Click the Load Configuration File... button to load an existing configuration file. This will automatically configure the root node and any client nodes indicated in the file. The cluster should be startable immediately afterward.
Start the Cluster
Click the Start Cluster button. When the cluster is running, this button will change to Stop Cluster. When clicked, the cluster and all running client nodes will stop.
Start the Server
To allow "volunteer nodes" to attach, click the Start Insecure Server button. This starts a server on the default port of 4012. The socket is insecure and unencrypted, and therefore may pose a security risk.
Show Node Statistics
Clicking the Show Node Statistics button will open a dialog that displays usage stats for running client nodes:
- Host: the hostname of the client node in question
- state: the state of the node, active, inactive, or stopped.
- n Jobs: k/n, where there are k running processes out of n available cores.
- Beat: Client nodes send a heartbeat message to the root node approximately once per second. This indicates the length of time since the last heartbeat was received.
- MB Used: The number of megabytes of RAM used by Fiji's JVM on the client node.
- MB Total: The number of megabytes of RAM that are available to the remote JVM.
- Stop: Click this button to shut the client node down. Any running processes will be rescheduled on other nodes, once they become available.

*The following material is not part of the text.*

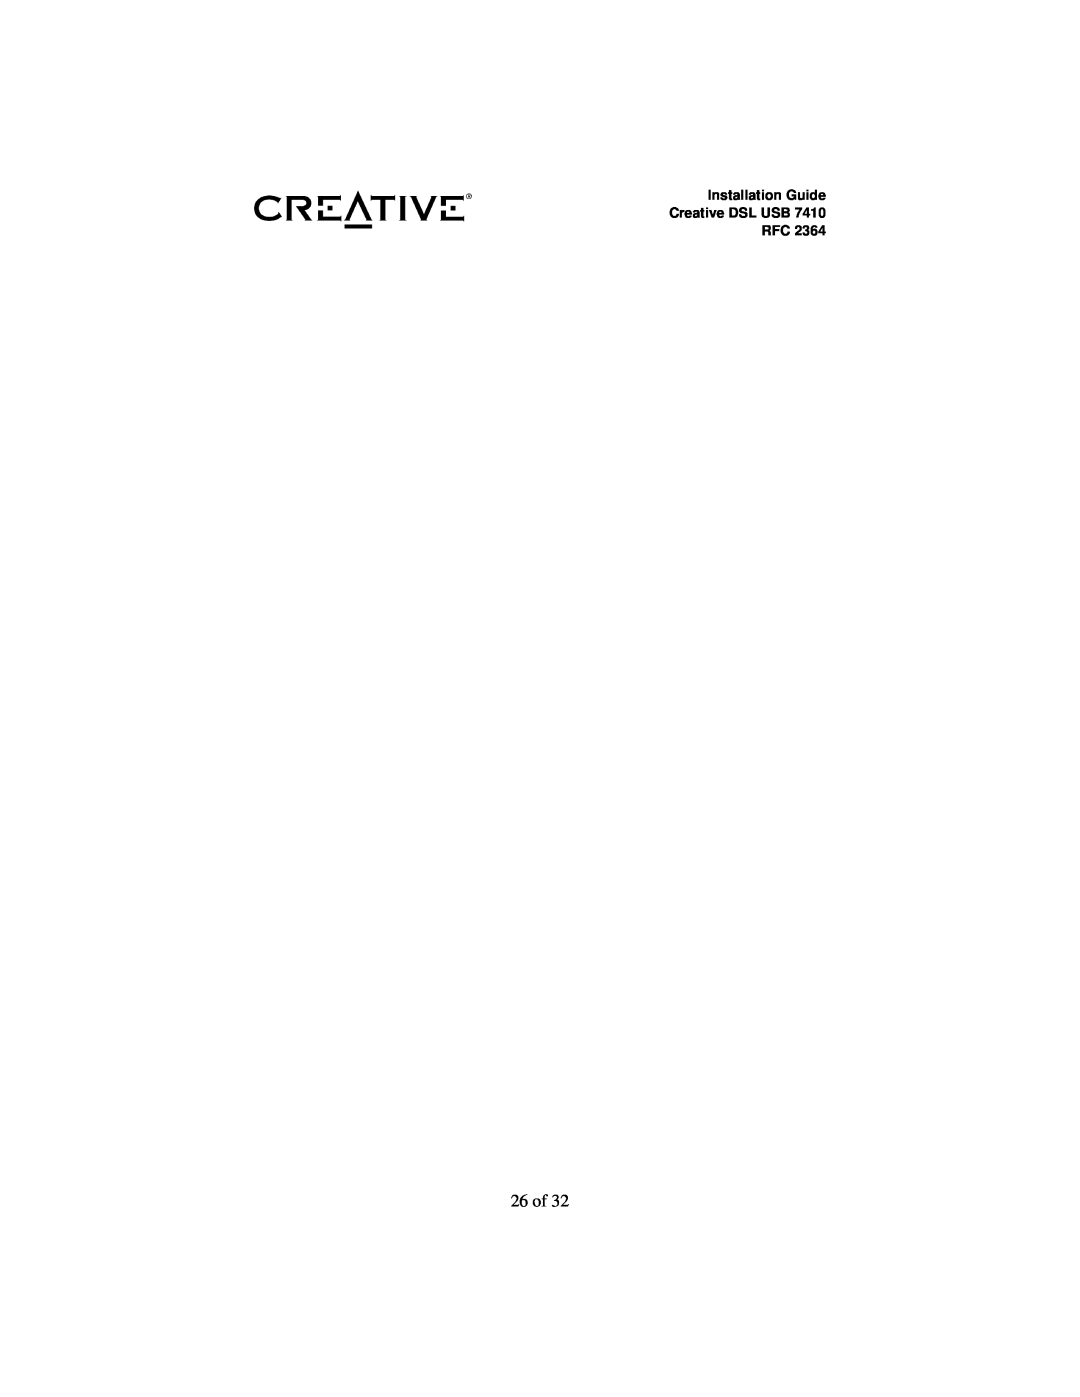 Creative RFC 2364 appendix 26 of, Installation Guide Creative DSL USB RFC

Select this checkbox if you would like to display debug output on your command line. This is potentially verbose, but should include useful information if your cluster behaves erroneously.
The Cluster class provides ExecutorServices through Cluster.getService(n). The argument n may be either an int or a float. If an int, any processes submitted to the ExecutorService are assumed to require n number of cores. If a float, processes are assumed to require a fraction n of the available resources of any given computer. For most usage cases, Cluster.getCluster().getService(1) will return the desired service.
To make this work, submissions to a Cluster are serialized and transmitted to a remote instance of Fiji. The returned result is serialized remotely, then retrieved by the root node. Any submitted Callable or Runnable must implement Serializable. Failure to do so will result in a NotSerializableException at runtime. A consequence of Serialization is that the deep equality of objects is not preserved. In other words, a Callable that is designed to return an object that has been instantiated prior to submission will effectively return a clone.
While many Clusters may exist on a single root node, only one is "official." This instance is referenced by Cluster.getCluster(). Cluster.activeCluster() indicates whether there is existing active Cluster.